Stream: t-compiler/wg-rls-2.0

Topic: Crazy optimization idea -- skipping the parse tree altogethe


matklad (Jul 17 2020 at 13:15, on Zulip):

We are at the point where parsing takes substantional amount of time. I think the main thing we need a parse tree for is the item tree.

I wonder if we should think about producing it without parse tree at all... It seems approximately feasible to use evented parsing for this purpose, instead of a true syntax tree

Laurențiu Nicola (Jul 17 2020 at 13:31, on Zulip):

Can the MBE stuff be disabled? I wonder how much faster parsing would get.

matklad (Jul 17 2020 at 13:32, on Zulip):

I think only by commenting it out

Laurențiu Nicola (Jul 17 2020 at 13:33, on Zulip):

But where? :D

matklad (Jul 17 2020 at 13:33, on Zulip):

That I don't know without looking :)

Laurențiu Nicola (Jul 17 2020 at 13:36, on Zulip):

Yeah, it's 10s vs. 18s, so not that much of a win

Laurențiu Nicola (Jul 17 2020 at 13:38, on Zulip):

OTOH, we don't have that many macros (besides expect! and match_ast!), so it's still a considerable speedup

Laurențiu Nicola (Jul 17 2020 at 13:39, on Zulip):

(I stubbed out mbe_expander::expand_rules)

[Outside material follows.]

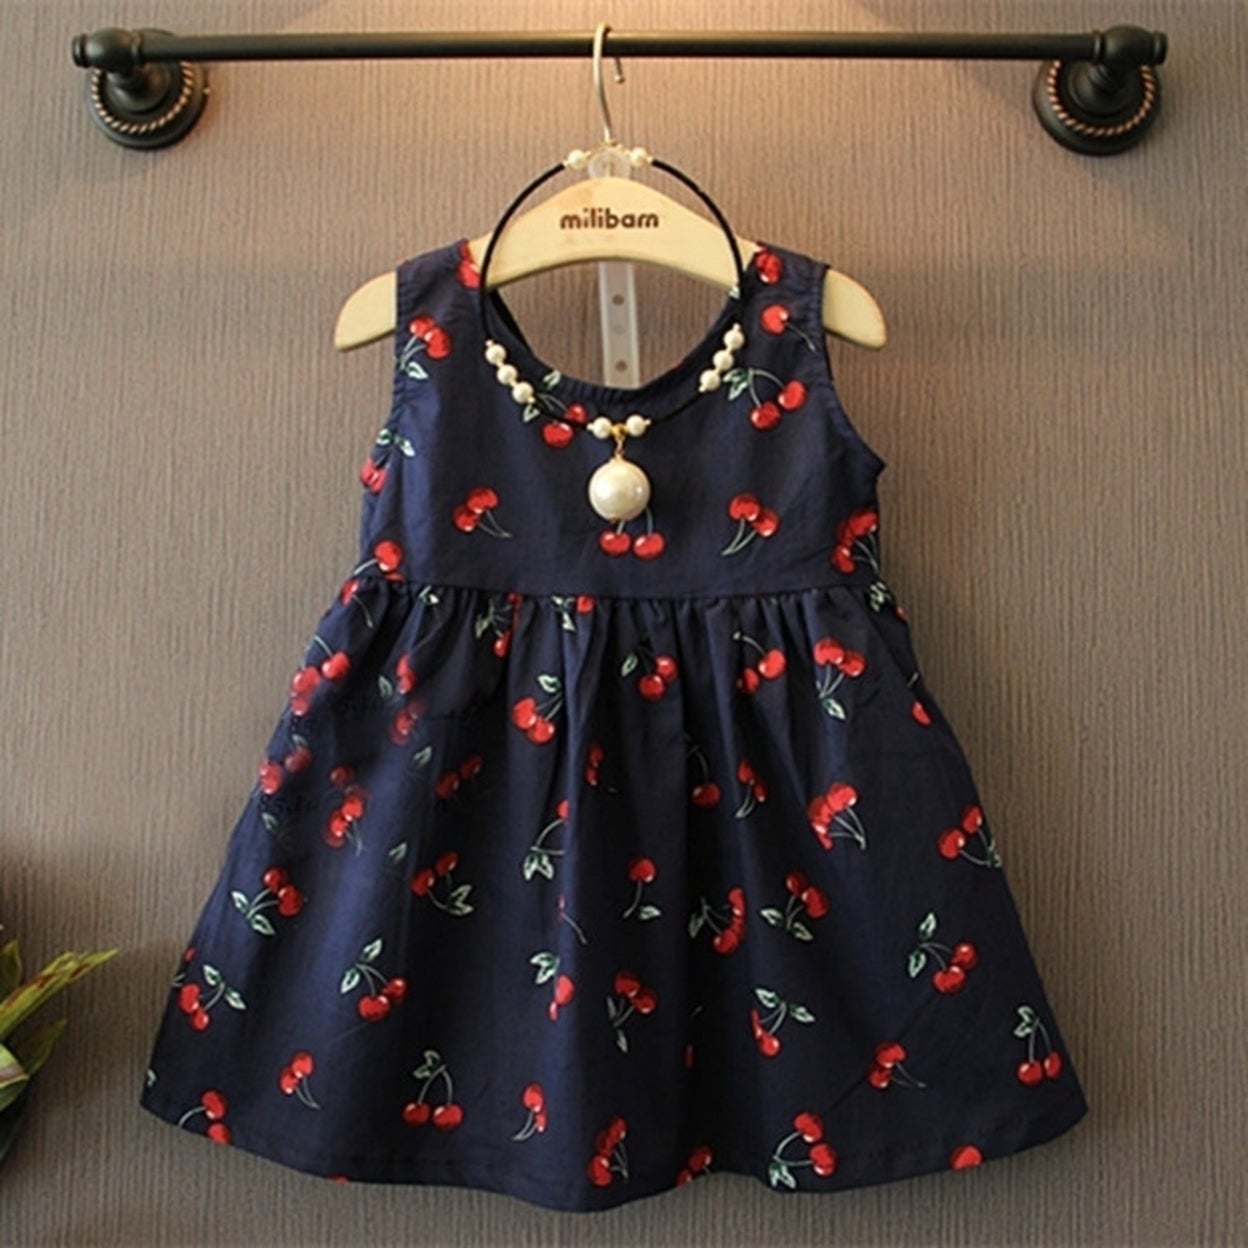 b99a03cd752 New baby girl fashion korean summer kids dresses casual cherry sleeveless  cute jpg 1248x1248 Baby dress

matklad (Jul 17 2020 at 13:43, on Zulip):

hm?

matklad (Jul 17 2020 at 13:43, on Zulip):

It's almost twice as fast?

Laurențiu Nicola (Jul 17 2020 at 13:43, on Zulip):

Yeah, something like that

matklad (Jul 17 2020 at 13:44, on Zulip):

that feels like very much of a win :D

Laurențiu Nicola (Jul 17 2020 at 13:44, on Zulip):

Meh, not even an order of magnitude :-)

Laurențiu Nicola (Jul 17 2020 at 13:45, on Zulip):

On one hand, according to the argument you often make, skipping bodies would make us less likely to optimize the parser itself

Laurențiu Nicola (Jul 17 2020 at 13:45, on Zulip):

On the other hand, analysis-stats still has to parse the bodies, so it's not like we'd no longer know how slow it is

Laurențiu Nicola (Jul 17 2020 at 13:46, on Zulip):

On the third hand, I think you wanted diagnostics support for files that aren't open, so we'd still need the bodies for that

matklad (Jul 17 2020 at 13:46, on Zulip):

THe number of files in the current crate is far fewer than the total number of files

matklad (Jul 17 2020 at 13:47, on Zulip):

Like, bodies in libstd are completely uninteresting

Laurențiu Nicola (Jul 17 2020 at 13:47, on Zulip):

Oh, right

Laurențiu Nicola (Jul 17 2020 at 13:59, on Zulip):

Filed https://github.com/rust-analyzer/rust-analyzer/issues/5426 for a small thing, if it makes sense

Jonas Schievink (Jul 17 2020 at 14:05, on Zulip):

Does the parser have an event-based interface already or does it construct the syntax tree directly?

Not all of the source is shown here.